LeonDLotter / ABAnnotate

A toolbox for ensemble-based multimodal gene-category enrichment analysis of human neuroimaging data
GNU General Public License v3.0
18 stars 2 forks source link

ABAnnotate - a toolbox for ensemble-based multimodal gene-category enrichment analysis of human neuroimaging data

Are you interested in contextualising brain maps, maybe derived from case-control-comparisons, fMRI tasks, or spatial meta-analysis, across biological systems ranging from molecular and cell levels to disease-associations? ABAnnotate uses spatial gene expression patterns to derive neuroimaging phenotype-gene associations and asses the overrepresentation of associated genes in several multimodal gene-category datasets.

DOI
License: GNU General Public License v3.0

(Note: ABAnnotate inherited its license from its source toolbox.

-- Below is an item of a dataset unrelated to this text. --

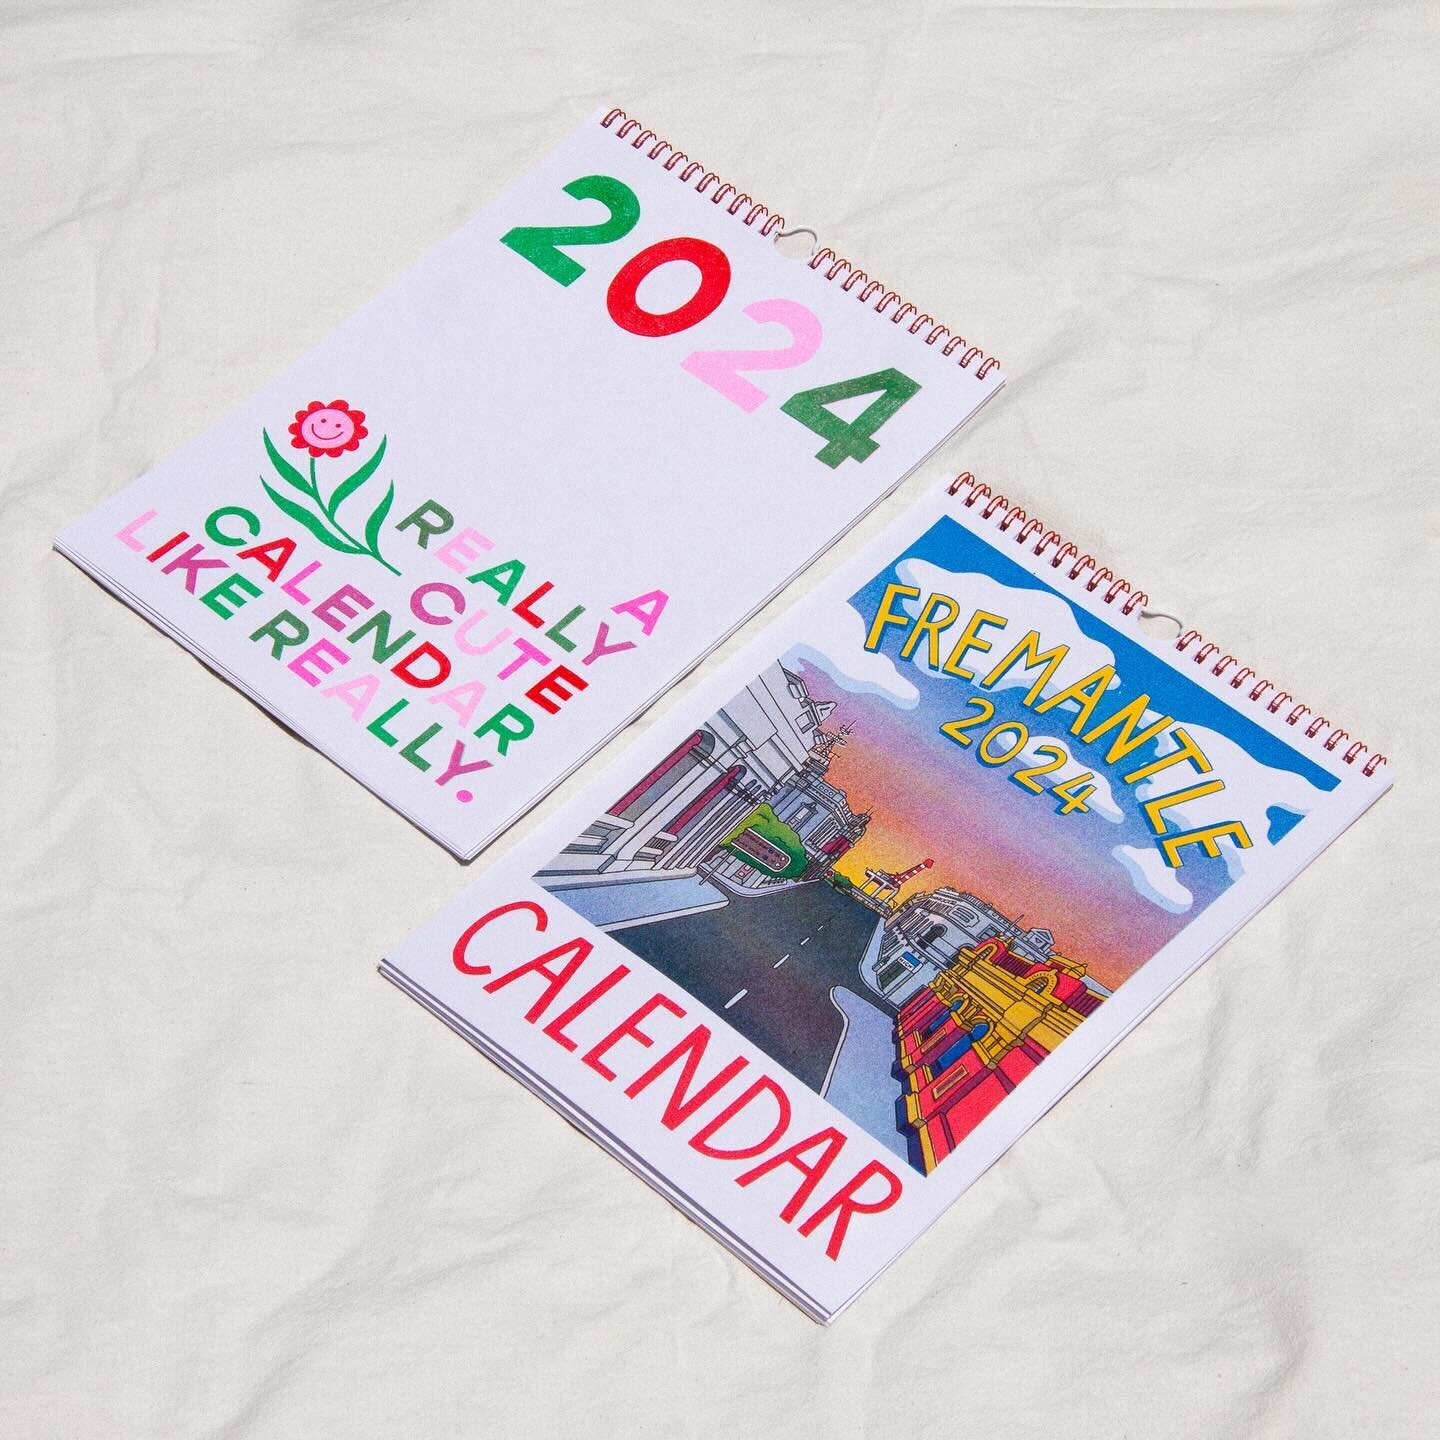 The pointy end of the year is fast approaching and in an effort to make this time a little easier on you, we&rsquo;ve created a range of bundle offers which we think make the ultimate gifts.

First up is the Calendar Collector Bundle which includes b

Integrated datasets, especially data from the Allen Institute for Brain Science, are licensed under non-commercial licenses which is to be considered when using ABAnnotate.)


ABAnnotate is a Matlab-based toolbox to perform ensemble-based gene-category enrichment analysis (GCEA) on volumetric human neuroimaging data via brain-wide gene expression patterns derived from the Allen Human Brain Atlas (ABA). It applies a nonparametric method developed by Fulcher et al. (2021) using spatial autocorrelation-corrected phenotype null maps for the estimation of gene-category null ensembles. ABAnnotate was adopted from Fulcher et al.`s toolbox which was originally designed for annotation of imaging data to GeneOntology categories. The function to generate null models, along with some utility functions, were taken from the JuSpace toolbox by Dukart et al. (2021).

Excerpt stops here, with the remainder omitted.